### Supplied data:
Content starts

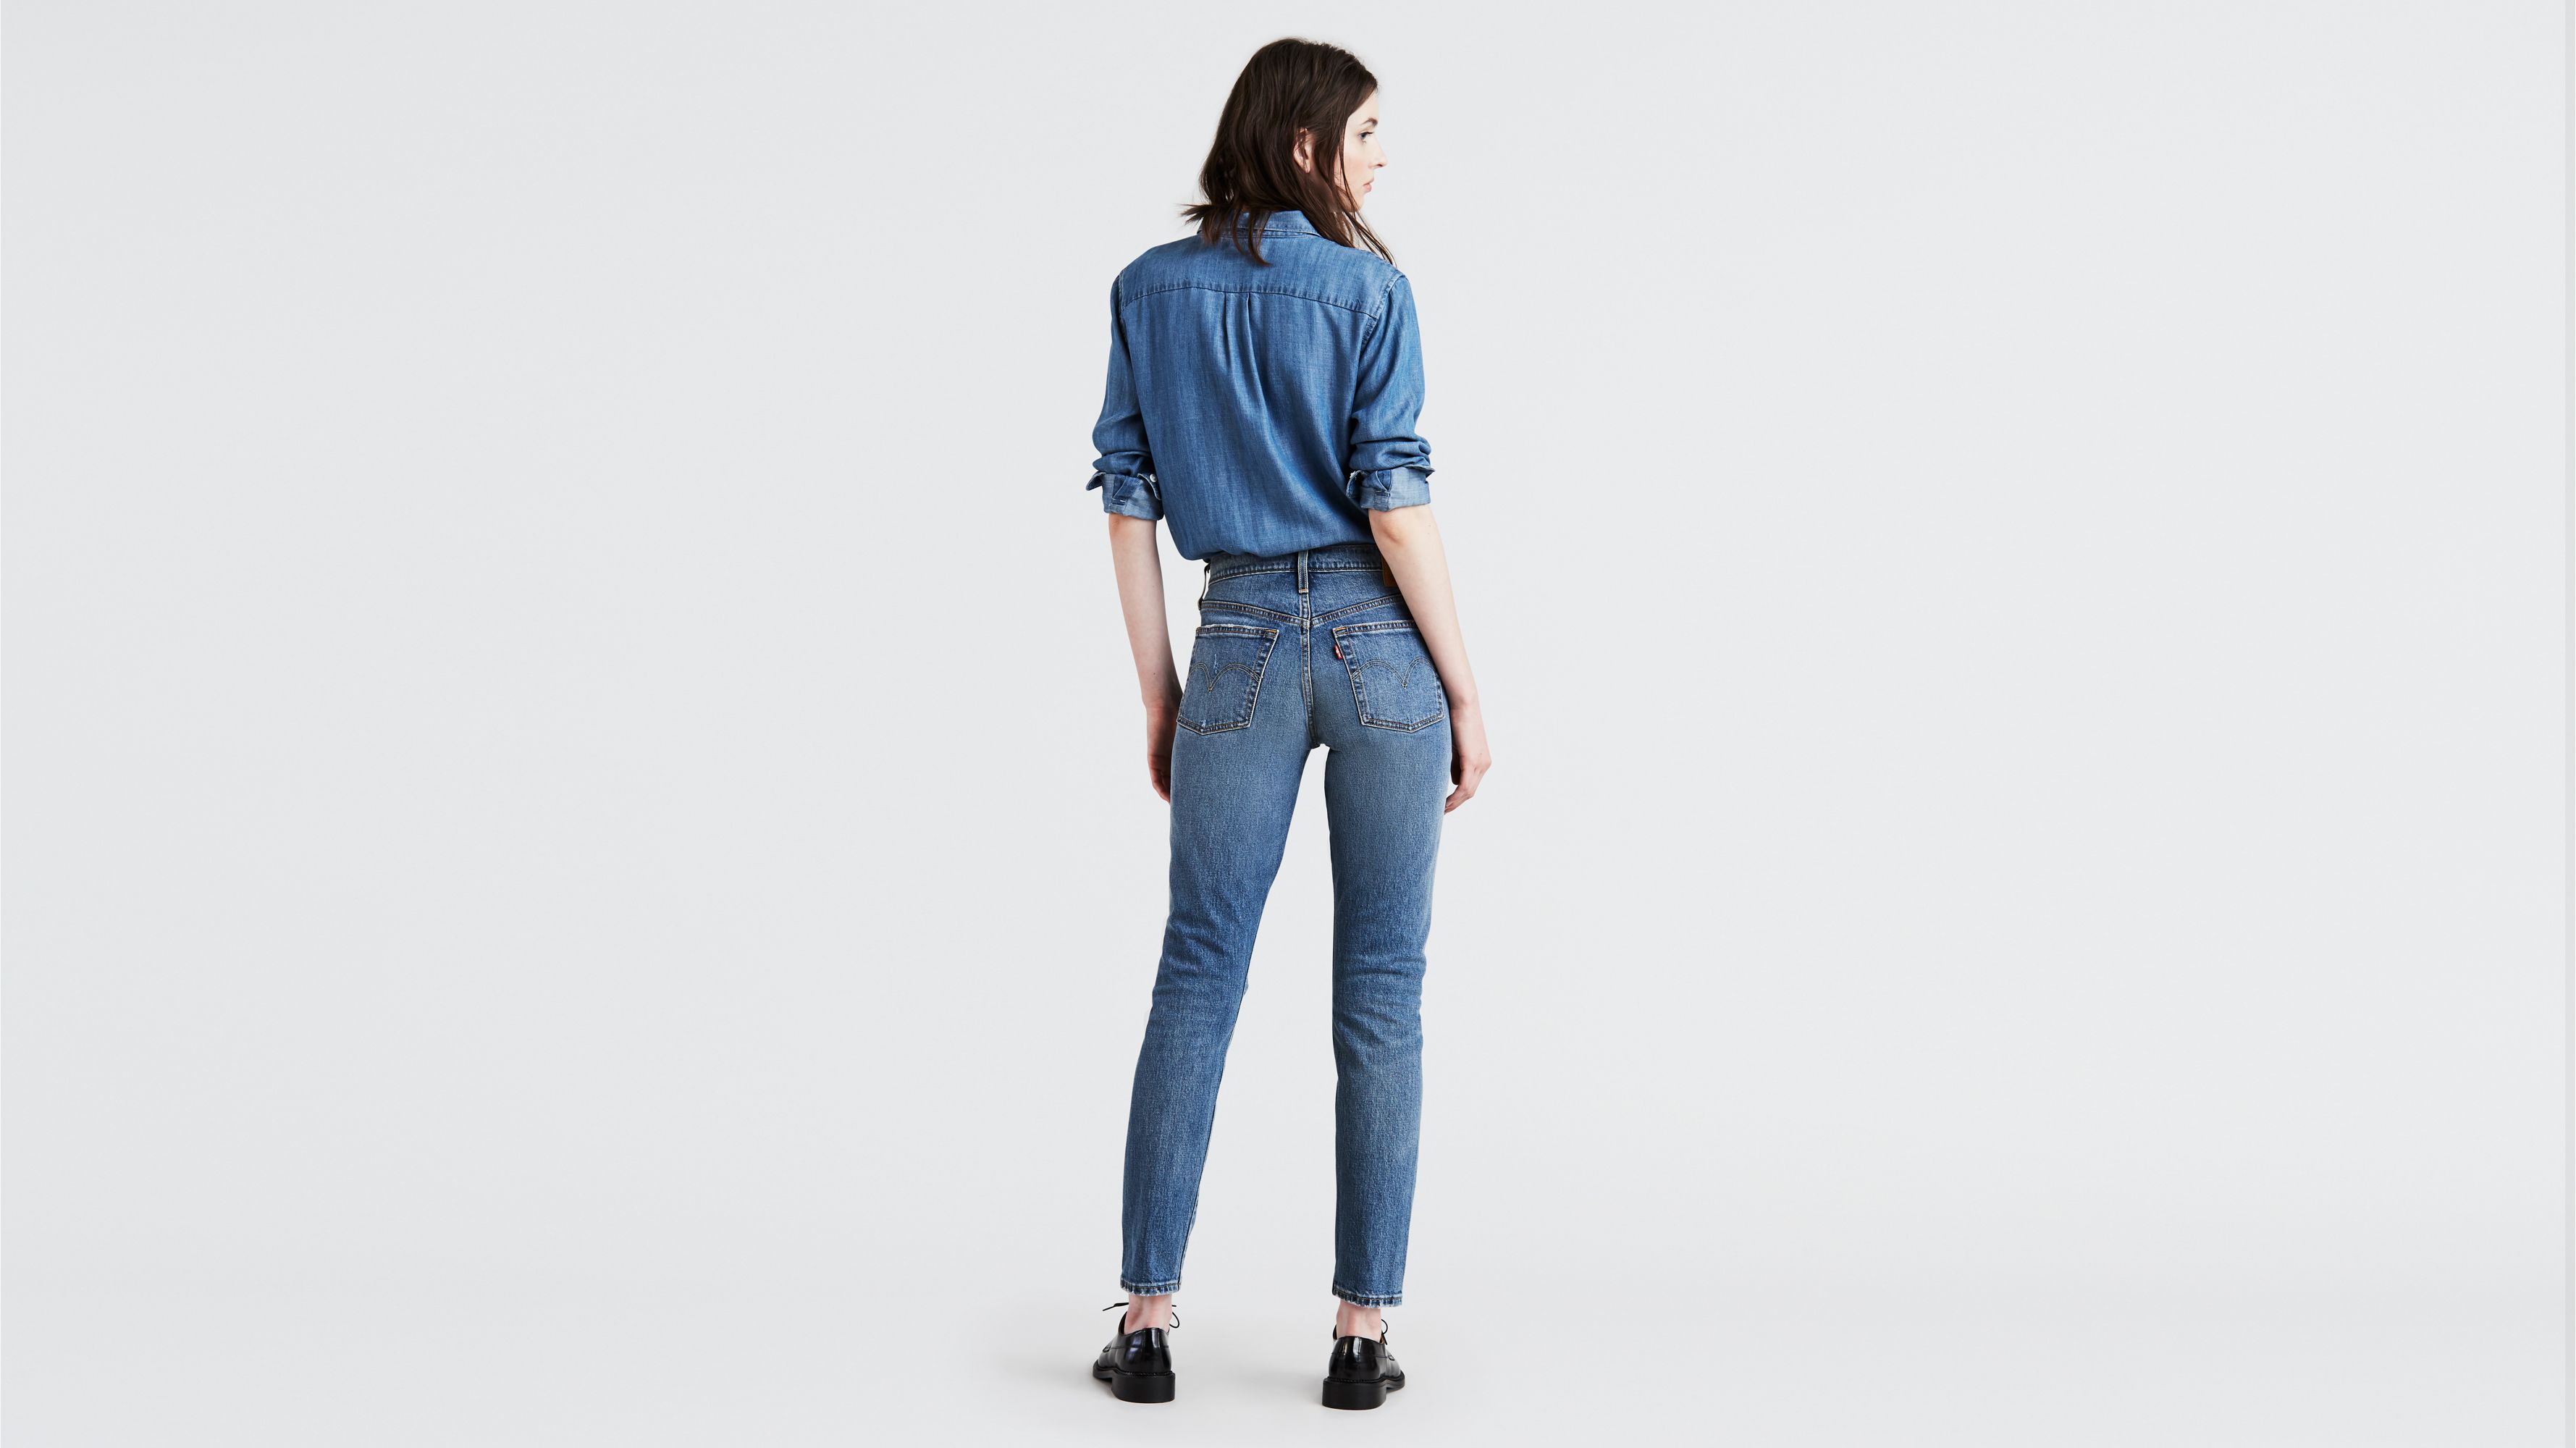 levis s40197 jeans
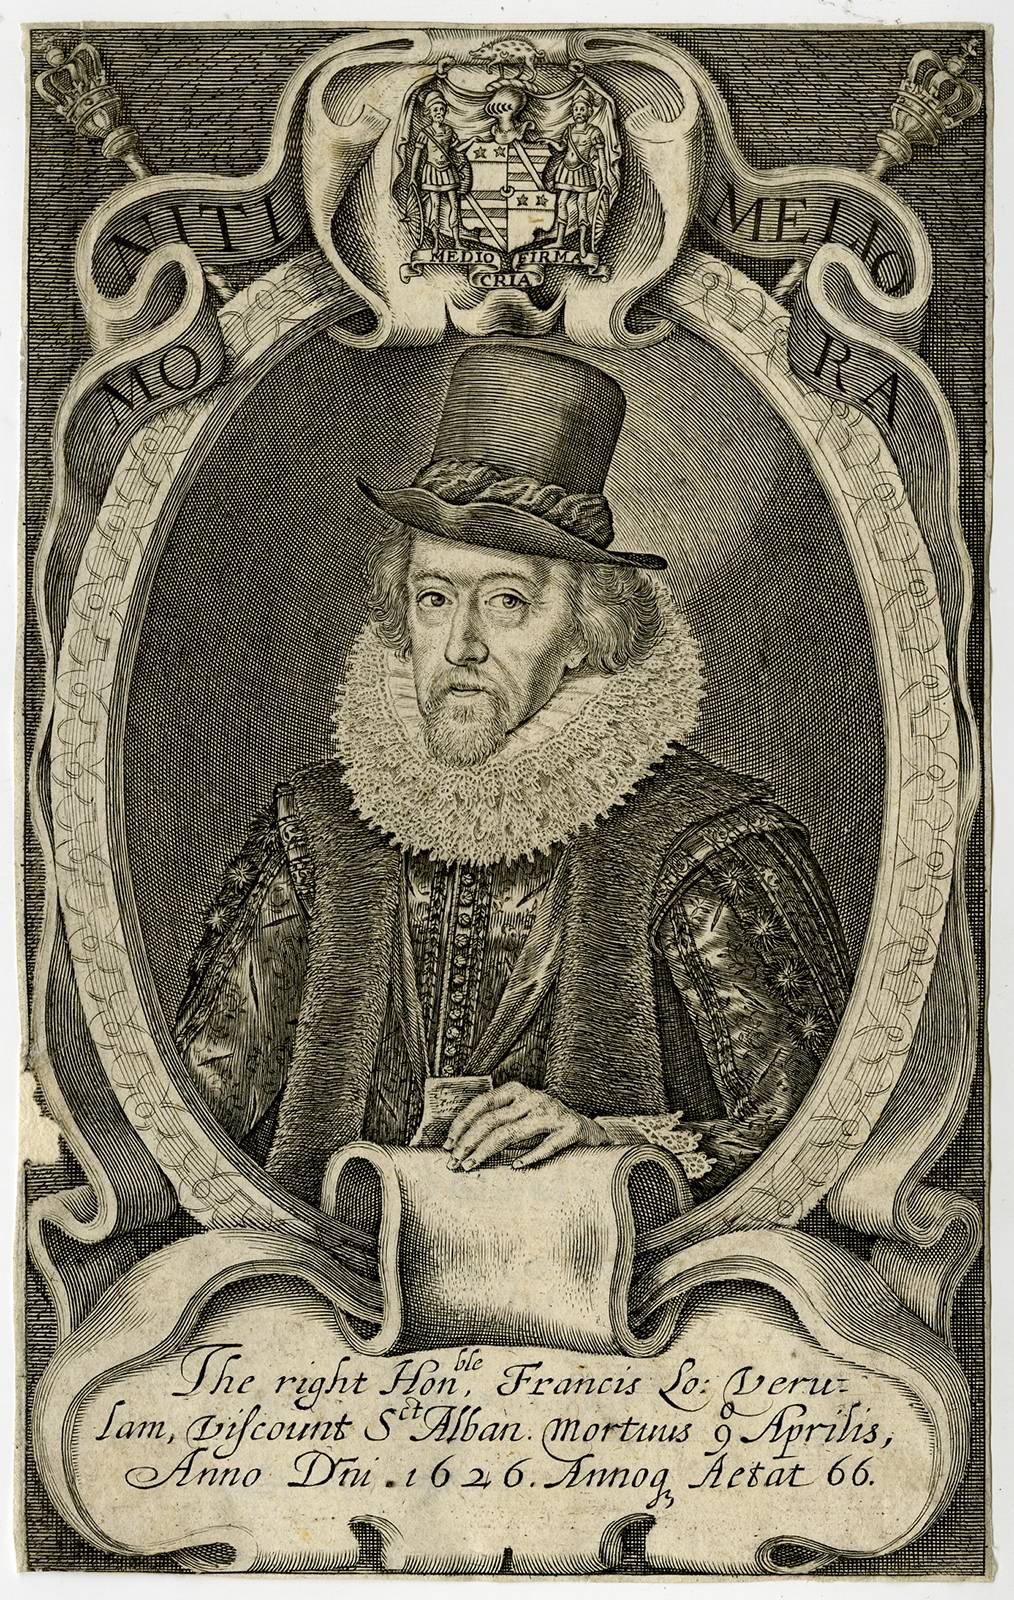 Simon de Passe Portrait Print - The right honble Francis [..] - Portrait of sir Francis Bacon.
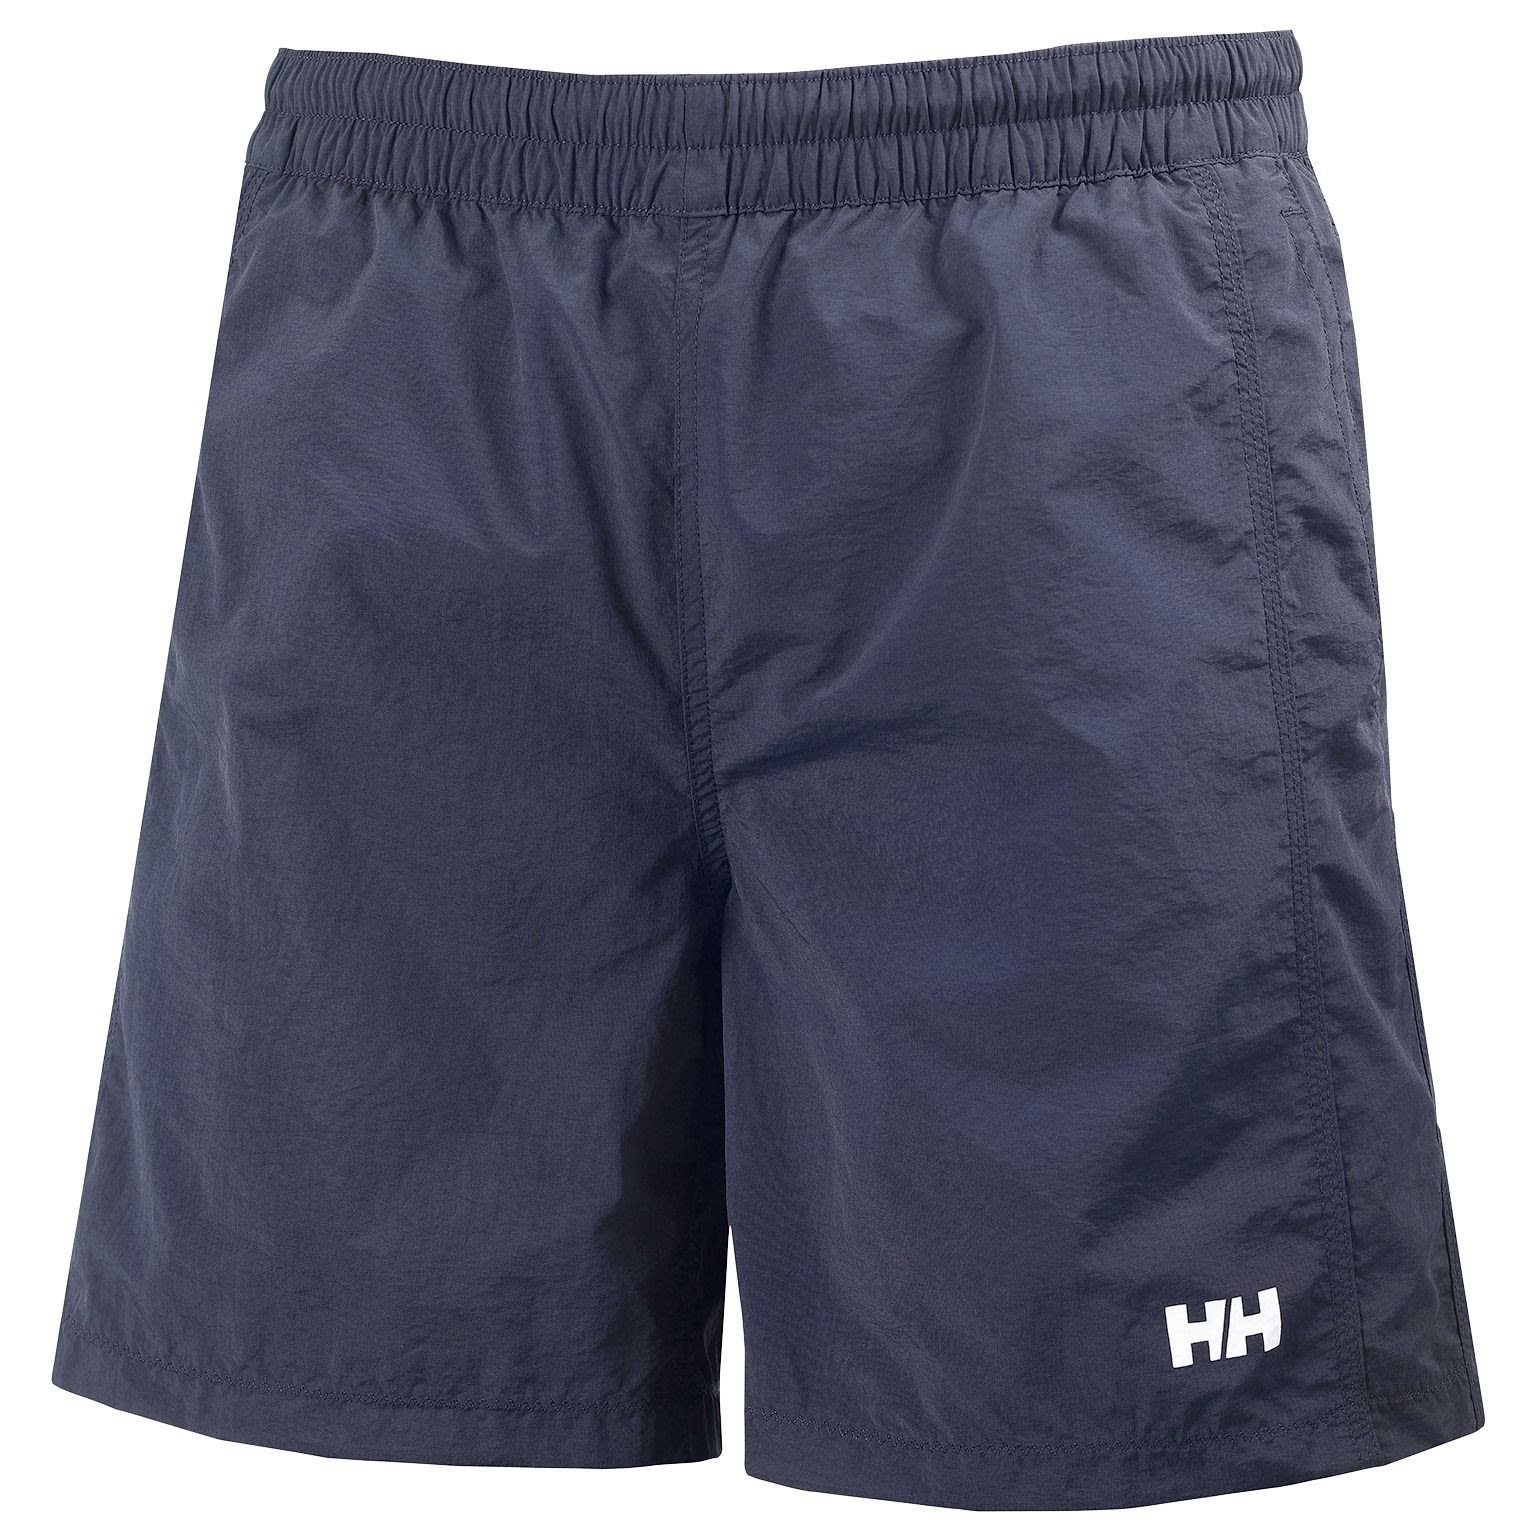 Hansen Swim Hansen M Calshot Helly Shorts Shorts Navy Helly Herren Trunk

Content ends

### What is expected:
Exact repetition of the data is needed, with no images retained.

### Output for this task:
 levis s40197 jeans
 Simon de Passe Portrait Print - The right honble Francis [..] - Portrait of sir Francis Bacon.
 Hansen Swim Hansen M Calshot Helly Shorts Shorts Navy Helly Herren Trunk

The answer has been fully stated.